15 Jul 2022
By John Eastman
When entrepreneurial engineers began playing with the first microprocessors in the late 1970s, they sought out markets that could use autonomous systems to interpret data from outboard sensors, and report the conditions to stakeholders. The value proposition was the savings realized by replacing the process of manual testing with expensive test sets, and the staff of trained specialists performing the tests (giving judgements on those results).
Since the early days of Intel 8080 or Motorola 6800 processors, there have been many types of condition monitors aimed at the utility substation. Many have come and gone; most were less reliable than the equipment they were monitoring. Many of these had some merit, but, in the early days, communicating that data to stakeholders was not possible.
The goal, even in the 1970s, was to communicate the answer– the distillation of the data – toward an action plan. However, the early monitors garnered no trust. They simply routed raw data to experts who were tasked with reviewing it. Data management became a thorny issue; scanning through data produced by monitors by asset SMEs quickly became impossible, especially in light of the layoffs and down-sizing happening at the time.
Add to this problem the short lifespan of the early monitors, and the many companies that produced them, and it’s clear why the concepts never reached a full potential of usefulness. The goal for on-line monitoring was to give an actionable signal that an asset was in trouble, with a time margin to intervene and prevent a failure. Continually serving up data for a "panel of experts", to then give a recommendation on the condition of an asset, was never the value proposition.
The early adopters of monitoring quickly learned that monitoring systems do not immediately reduce the maintenance budget. In fact, the reverse was true. Monitoring quickly identifies the "bad actors", so they could be moved up the list for service. Only after the emergent assets were repaired and tested would the O&M expenses gradually decrease. Maintenance managers discovered a "sweet spot", where deployed monitoring and regular manual testing worked together to produce a lower overall minimum cost.

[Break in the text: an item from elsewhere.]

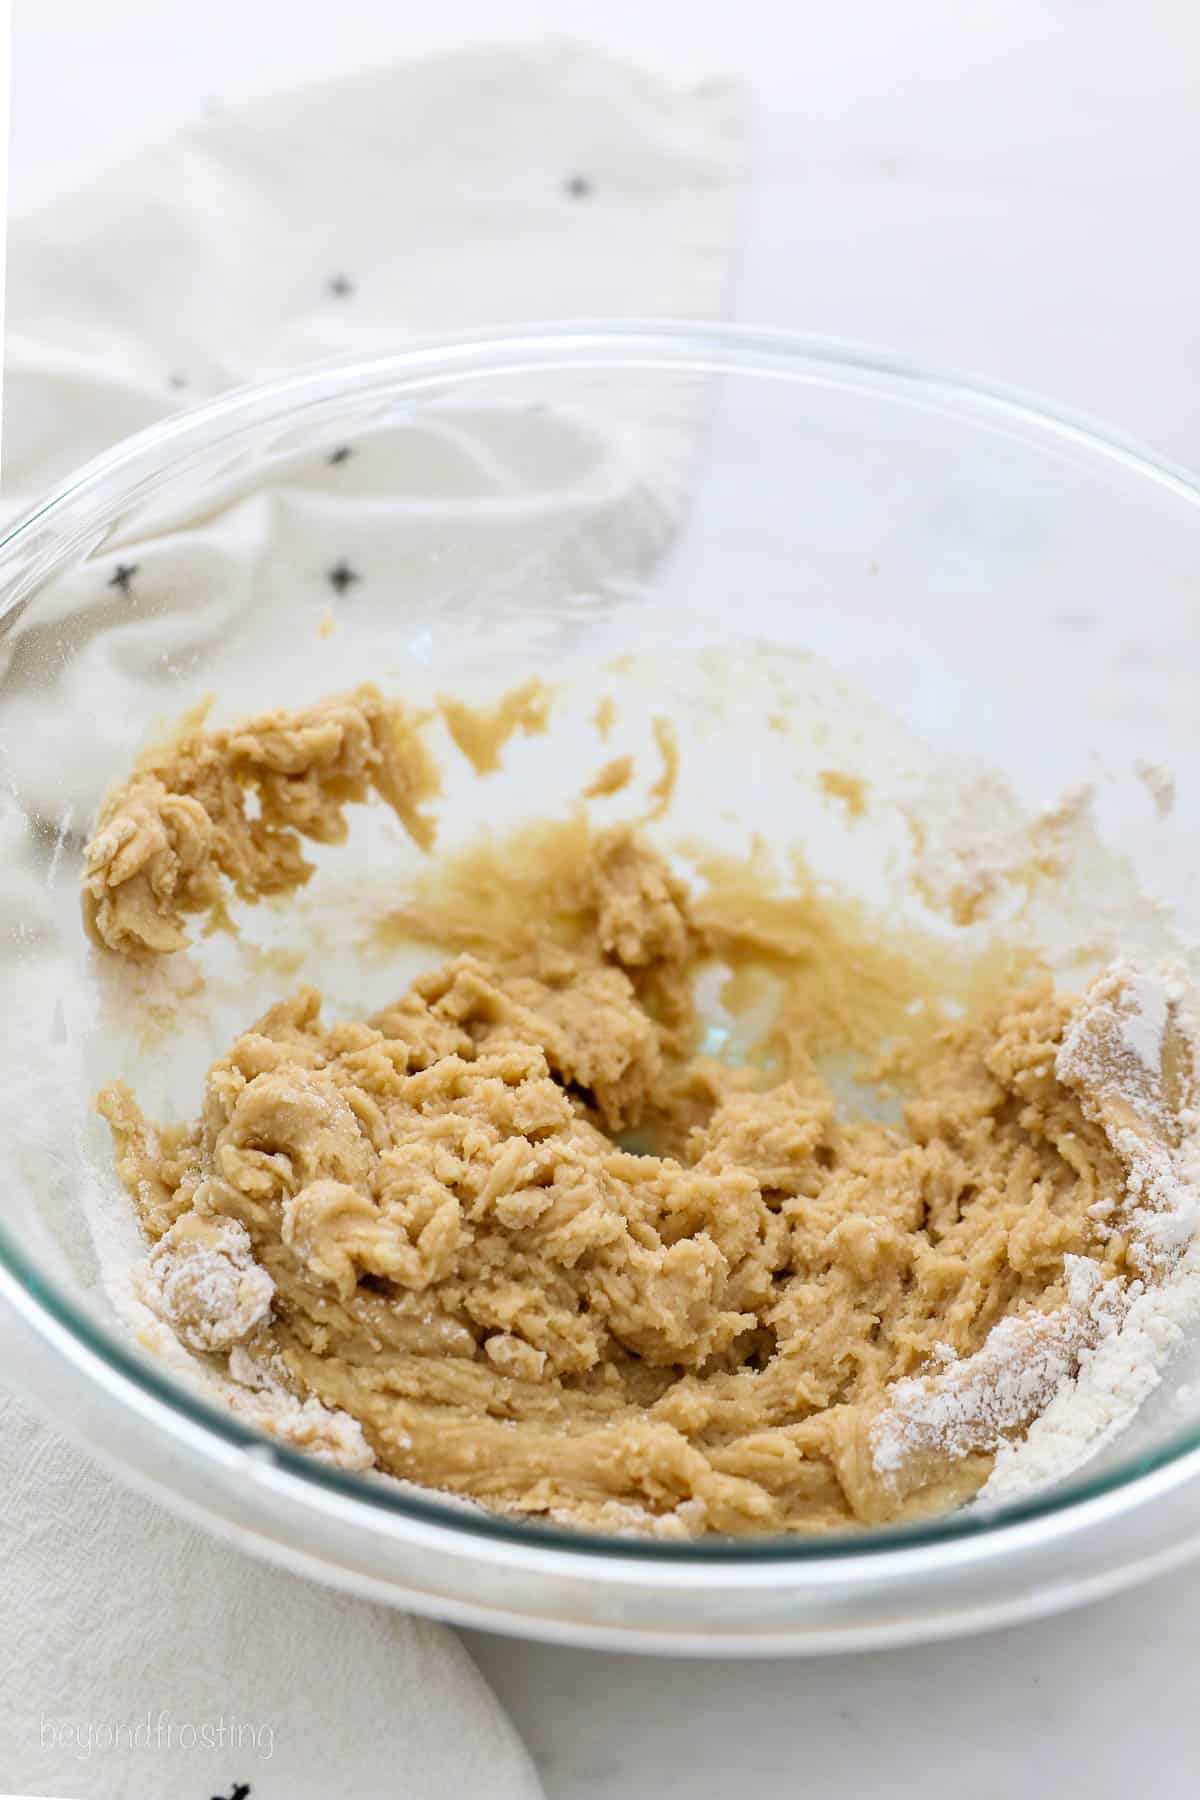 Beaten cookie dough in a glass mixing bowl.

With the refinement of the monitoring system over decades, many renewable energy installations (and utilities in general) have moved to nearly full reliance of on-line condition monitoring, thereby making the total expense only the depreciated cost of the monitoring system. The reality of the reliable automatic system is that calendar-based maintenance is nearly gone.
12-channel bushing monitor system installed beside the transformer
In May 2021, a bushing monitoring system was installed by factory field engineers on the main step-up power transformer at a large solar installation in Imperial County, California. For this system, six signals from the transformer bushing C1 test taps were given by bushing sensors, three low-side voltage signals were taken from PTs, and three high-side voltage signals were taken from CCVTs.
Precision-engineered bushing sensors installed on the C1 bushing test taps
The use of all twelve phasor measurements resulted in an extremely robust system with very high signal-to-noise ratio. By using measured system phasor quantities, the bushing attributes can be very accurately known.
H1 bushing nameplate showing 0.47% power factor rating
Within a few days, it was quite apparent there was a problem with the H1 high side bushing, with power factor nearing three times nameplate (Figure 4). Phase H2 and H3 showed stable power factor, essentially at nameplate values.
Measurements, in percent, plotted from day of installation to mid-August, 2021
Because of the heavy load cycle, this transformer was classified as being applied to "rough service". The high power factor reading put it beyond the limit for any "watch list", but was classified as "unstable", and in danger of failure.
The bushing was tested with off-line techniques, which confirmed the high power factor of H1. Plots of bushing capacitance and high side imbalance current were stable since the monitor installation, showing the likelihood that the H1 bushing had high power factor when the transformer was commissioned. (at right: Night time H1 bushing replacement)
With a spare transformer being located 1,800 miles away, a transformer replacement would take at least four weeks. The lost revenue during this time would be ten times the value of the transformer. The operator of the solar farm prudently replaced the H1 bushing during a nighttime outage, with no loss of revenue, likely saving the cost and lost revenue of a catastrophic failure.
Scheduling the repair work during the night time hours would not affect revenue. Given the excellent performance history of over 700 bushing monitors installed within the parent utility, trusting the guidance of the monitor toward the prompt bushing replacement was an easy decision.
John Eastman is President of ZTZ Services International. He has 30 years' experience with substation testing and development of on-line predictive maintenance products. Previously, John was Global Business Manager for circuit breaker monitoring products at INCON and Franklin Grid Solutions, and named on two US Patents related to new monitoring concepts. He is a graduate of University of Maine in Electrical Engineering, and recently an MS in Teaching & Learning for secondary school Mathematics. He is a Senior Member of IEEE, and lives in Portland, Maine.